- Work instructions
Please set down, exactly, the line with "The chandelier is" and all lines that follow it through the end of the records below.

[Stored items]

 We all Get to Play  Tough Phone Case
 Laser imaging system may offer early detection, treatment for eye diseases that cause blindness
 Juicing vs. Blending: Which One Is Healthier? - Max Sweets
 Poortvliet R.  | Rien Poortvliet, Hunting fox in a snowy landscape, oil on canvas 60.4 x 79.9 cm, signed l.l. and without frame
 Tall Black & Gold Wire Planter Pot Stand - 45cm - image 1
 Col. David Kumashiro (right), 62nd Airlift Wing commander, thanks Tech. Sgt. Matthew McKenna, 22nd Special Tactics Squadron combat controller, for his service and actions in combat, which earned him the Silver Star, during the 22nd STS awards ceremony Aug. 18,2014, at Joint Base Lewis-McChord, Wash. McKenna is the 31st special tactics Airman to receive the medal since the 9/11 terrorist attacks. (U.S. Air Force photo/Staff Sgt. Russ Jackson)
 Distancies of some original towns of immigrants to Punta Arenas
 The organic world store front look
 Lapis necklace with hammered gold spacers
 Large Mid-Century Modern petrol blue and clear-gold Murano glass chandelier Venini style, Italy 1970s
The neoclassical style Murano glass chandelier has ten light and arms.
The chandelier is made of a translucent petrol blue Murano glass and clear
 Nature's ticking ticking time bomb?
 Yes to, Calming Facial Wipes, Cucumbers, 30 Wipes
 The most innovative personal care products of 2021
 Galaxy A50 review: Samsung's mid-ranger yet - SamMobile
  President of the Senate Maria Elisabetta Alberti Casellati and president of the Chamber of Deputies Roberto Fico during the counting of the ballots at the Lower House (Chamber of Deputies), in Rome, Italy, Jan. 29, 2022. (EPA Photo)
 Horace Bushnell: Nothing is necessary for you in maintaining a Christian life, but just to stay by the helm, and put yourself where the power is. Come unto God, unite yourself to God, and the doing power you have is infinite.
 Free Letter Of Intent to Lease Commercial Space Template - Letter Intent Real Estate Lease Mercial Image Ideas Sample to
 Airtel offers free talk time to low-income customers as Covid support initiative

- Written reply
The chandelier is made of a translucent petrol blue Murano glass and clear
 Nature's ticking ticking time bomb?
 Yes to, Calming Facial Wipes, Cucumbers, 30 Wipes
 The most innovative personal care products of 2021
 Galaxy A50 review: Samsung's mid-ranger yet - SamMobile
  President of the Senate Maria Elisabetta Alberti Casellati and president of the Chamber of Deputies Roberto Fico during the counting of the ballots at the Lower House (Chamber of Deputies), in Rome, Italy, Jan. 29, 2022. (EPA Photo)
 Horace Bushnell: Nothing is necessary for you in maintaining a Christian life, but just to stay by the helm, and put yourself where the power is. Come unto God, unite yourself to God, and the doing power you have is infinite.
 Free Letter Of Intent to Lease Commercial Space Template - Letter Intent Real Estate Lease Mercial Image Ideas Sample to
 Airtel offers free talk time to low-income customers as Covid support initiative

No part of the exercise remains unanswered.